## Data provided
+===+
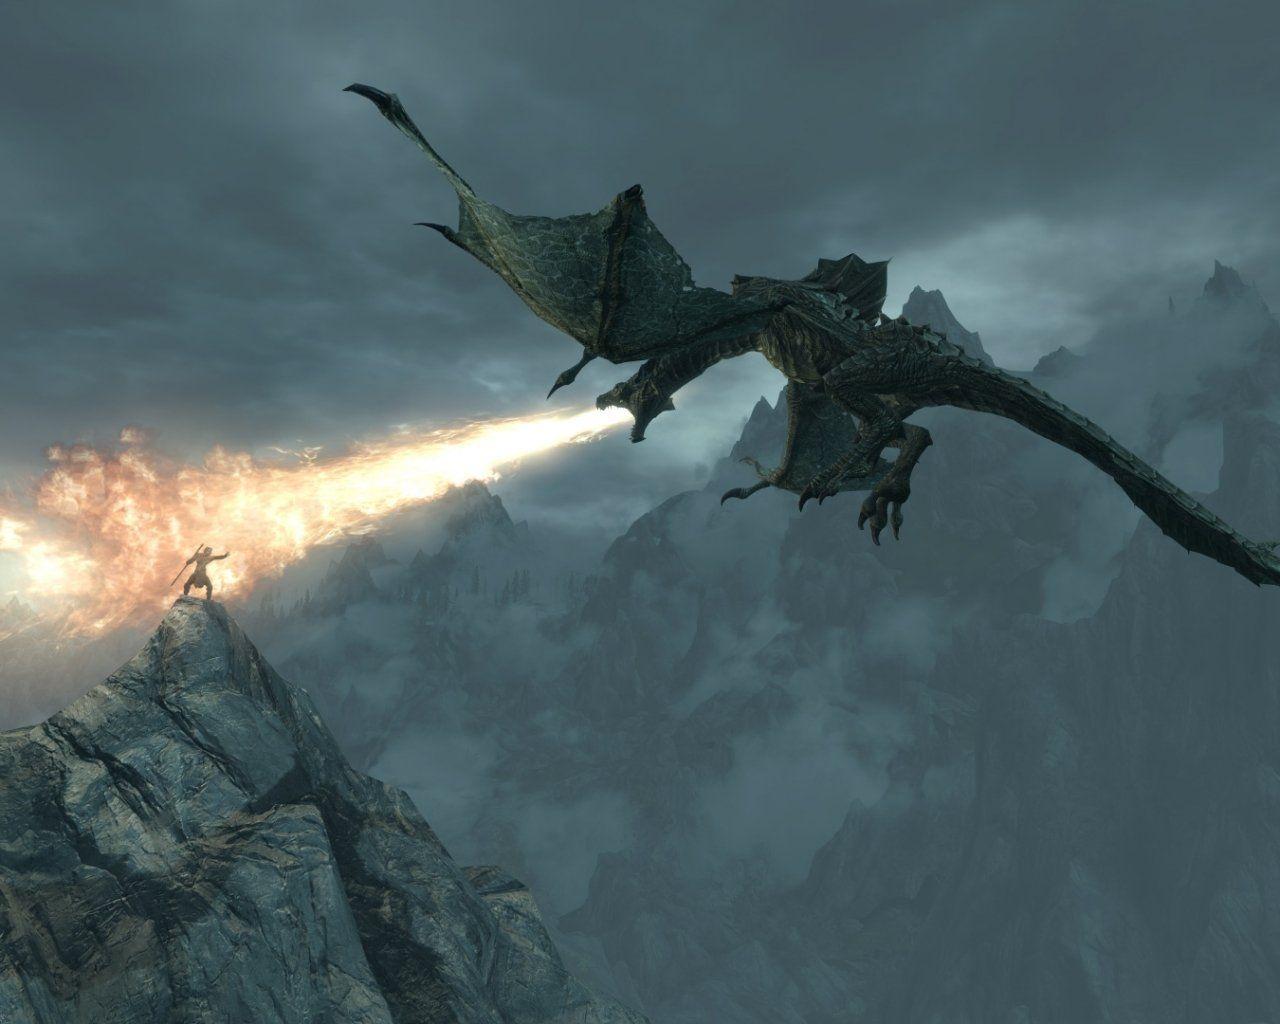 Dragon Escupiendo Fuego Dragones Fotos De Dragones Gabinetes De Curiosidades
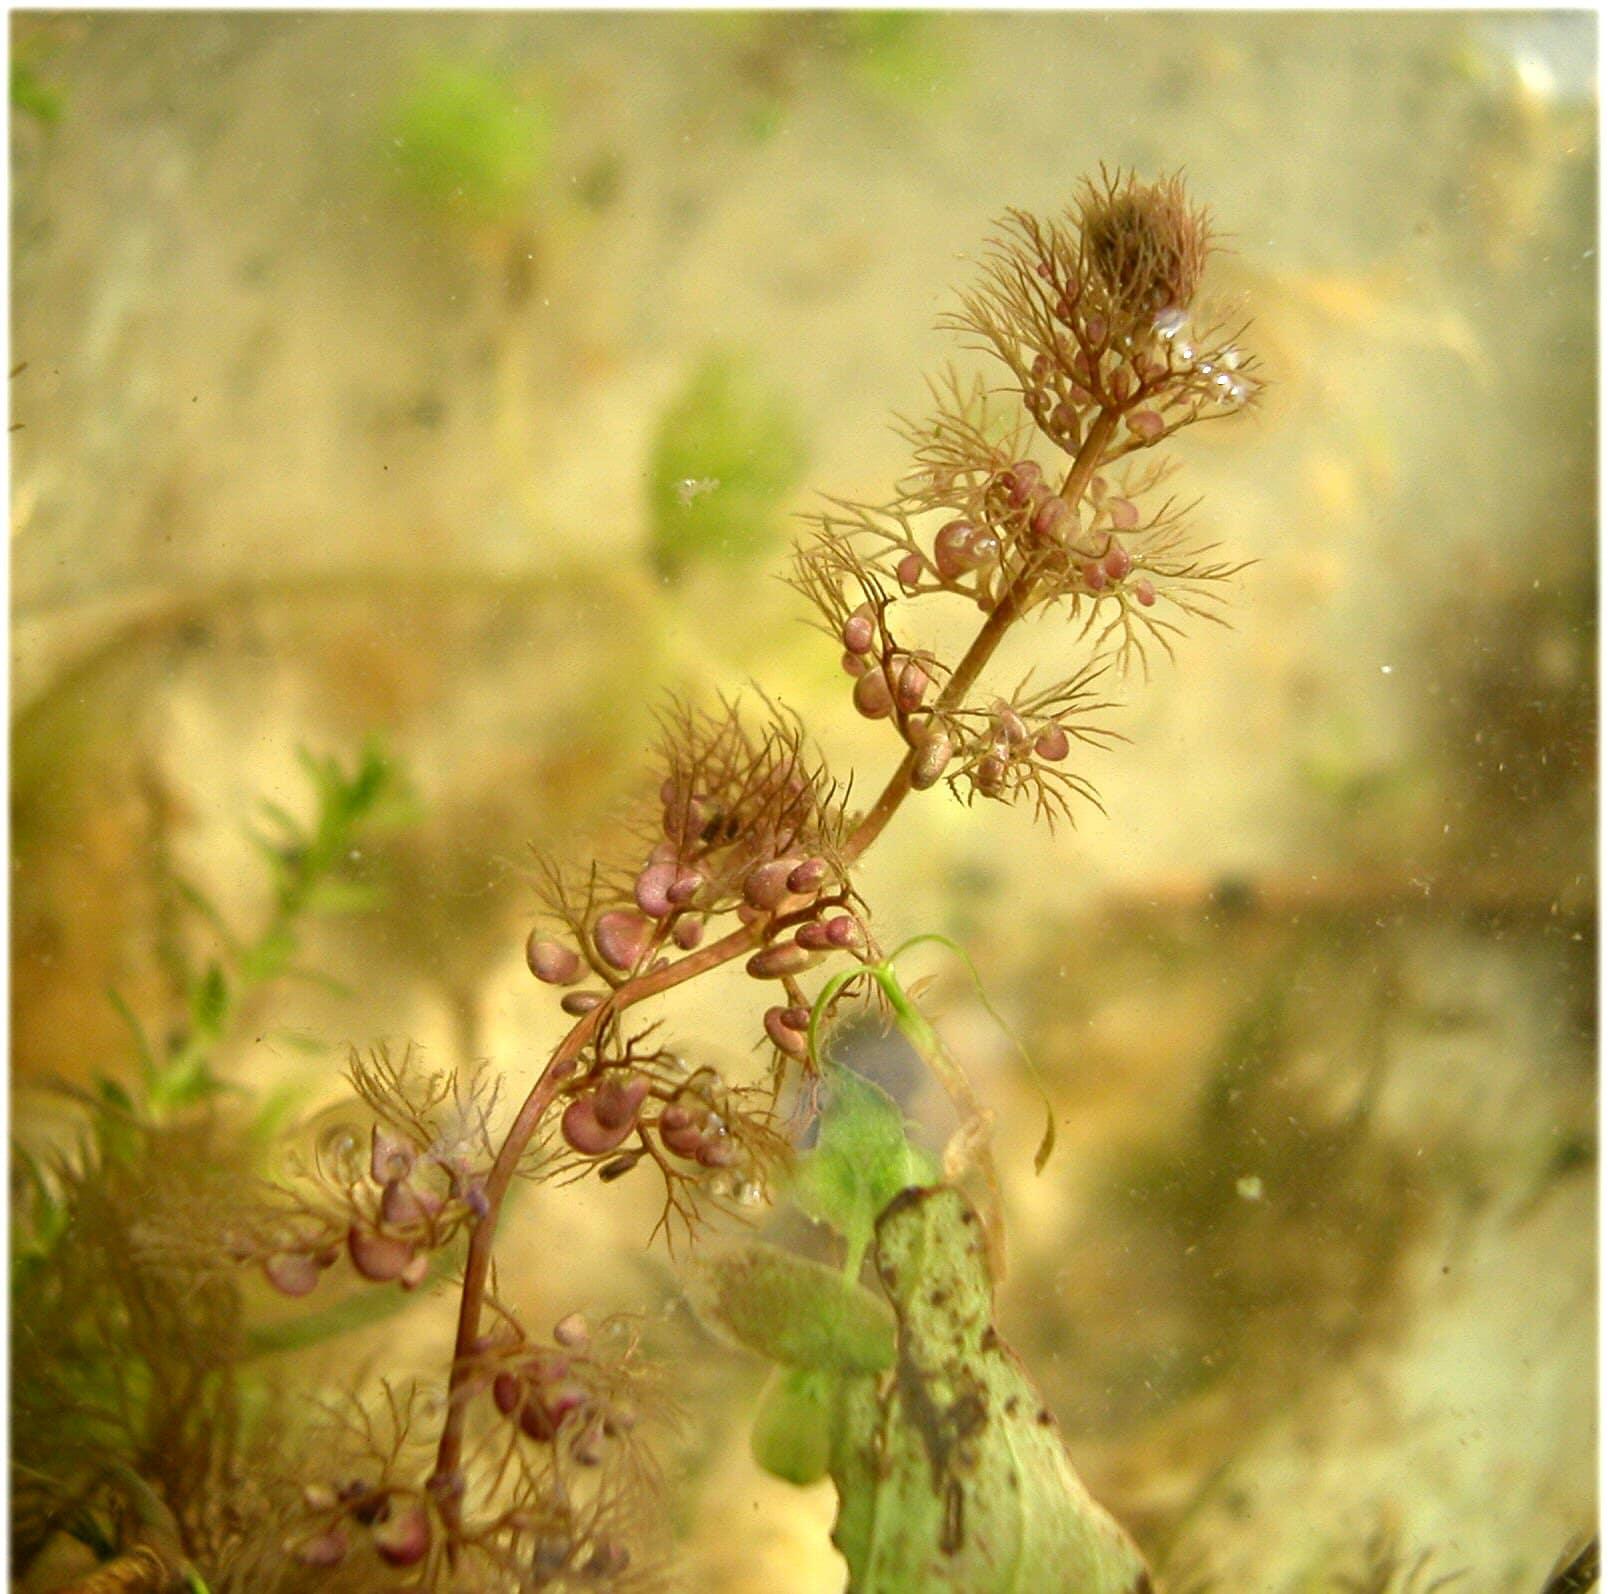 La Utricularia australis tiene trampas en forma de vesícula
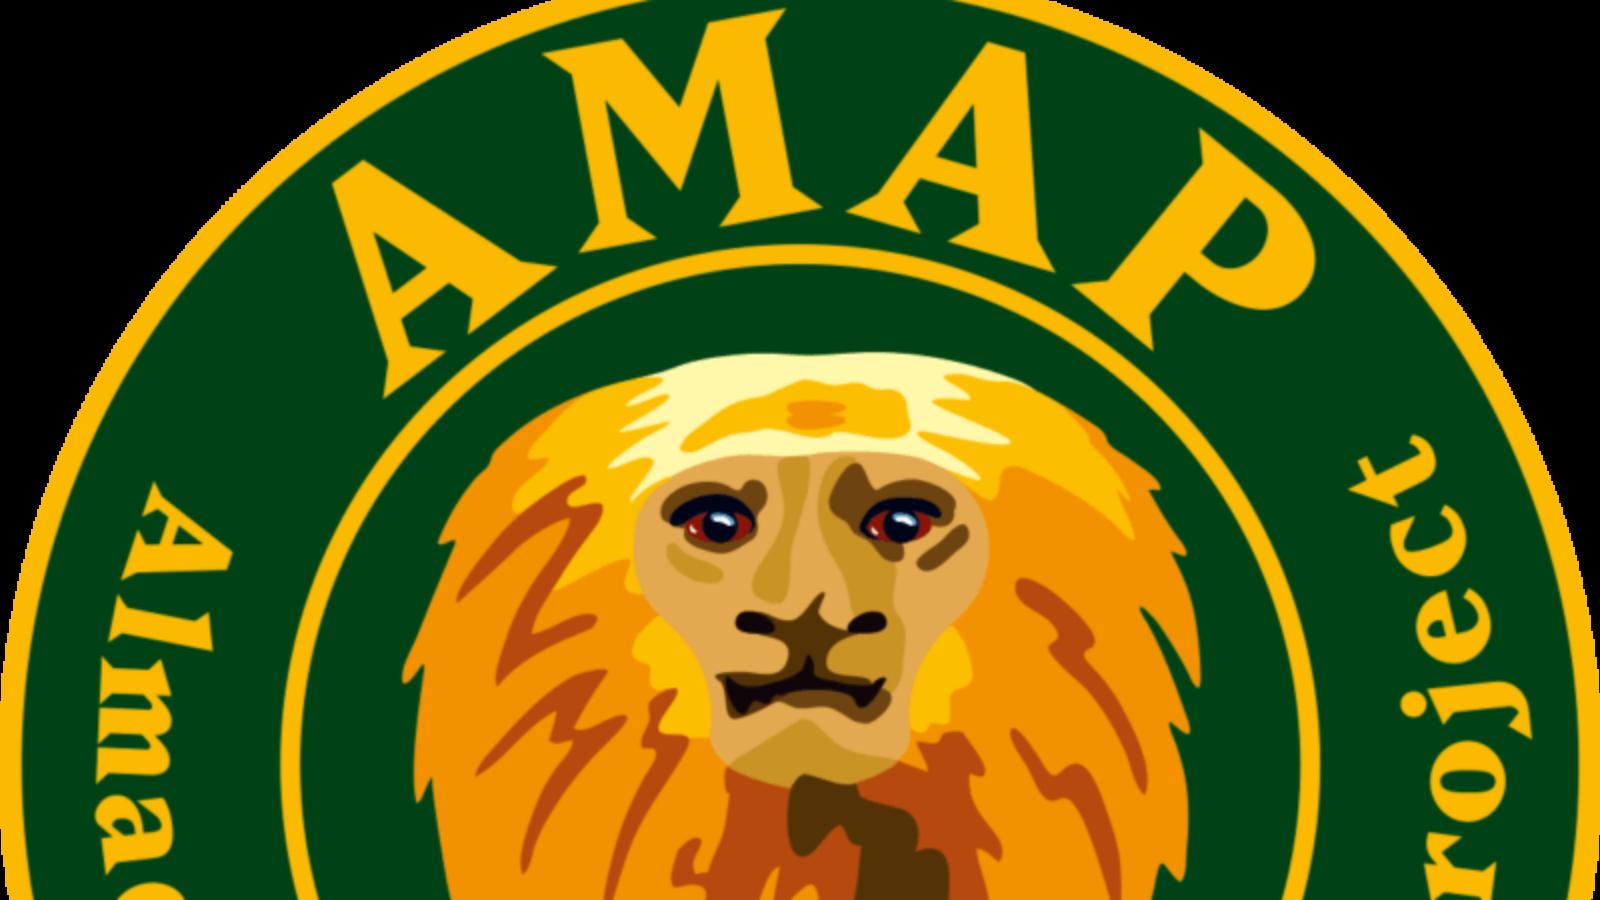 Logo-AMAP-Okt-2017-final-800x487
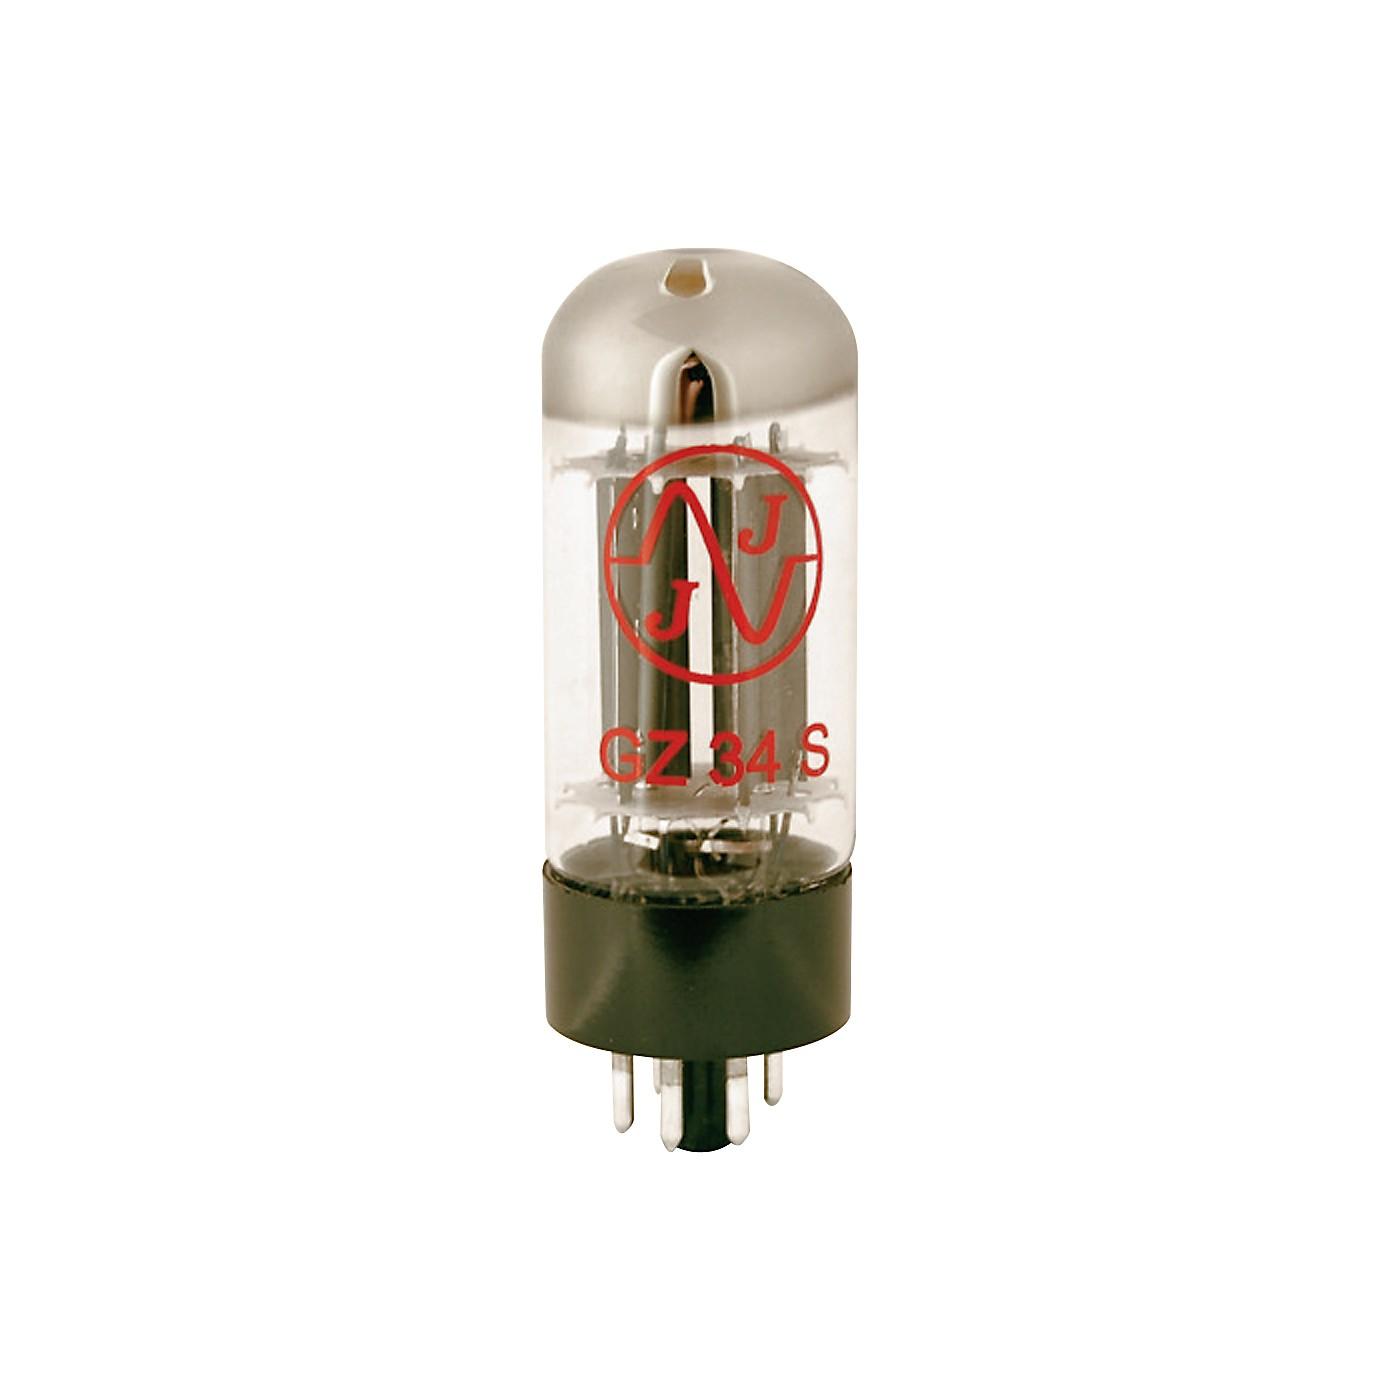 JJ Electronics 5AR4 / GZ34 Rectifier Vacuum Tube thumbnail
+===+
## Activity
Strip out the pictures and reproduce the remaining material above exactly.

## Exercise output
 Dragon Escupiendo Fuego Dragones Fotos De Dragones Gabinetes De Curiosidades
 La Utricularia australis tiene trampas en forma de vesícula
 Logo-AMAP-Okt-2017-final-800x487
 JJ Electronics 5AR4 / GZ34 Rectifier Vacuum Tube thumbnail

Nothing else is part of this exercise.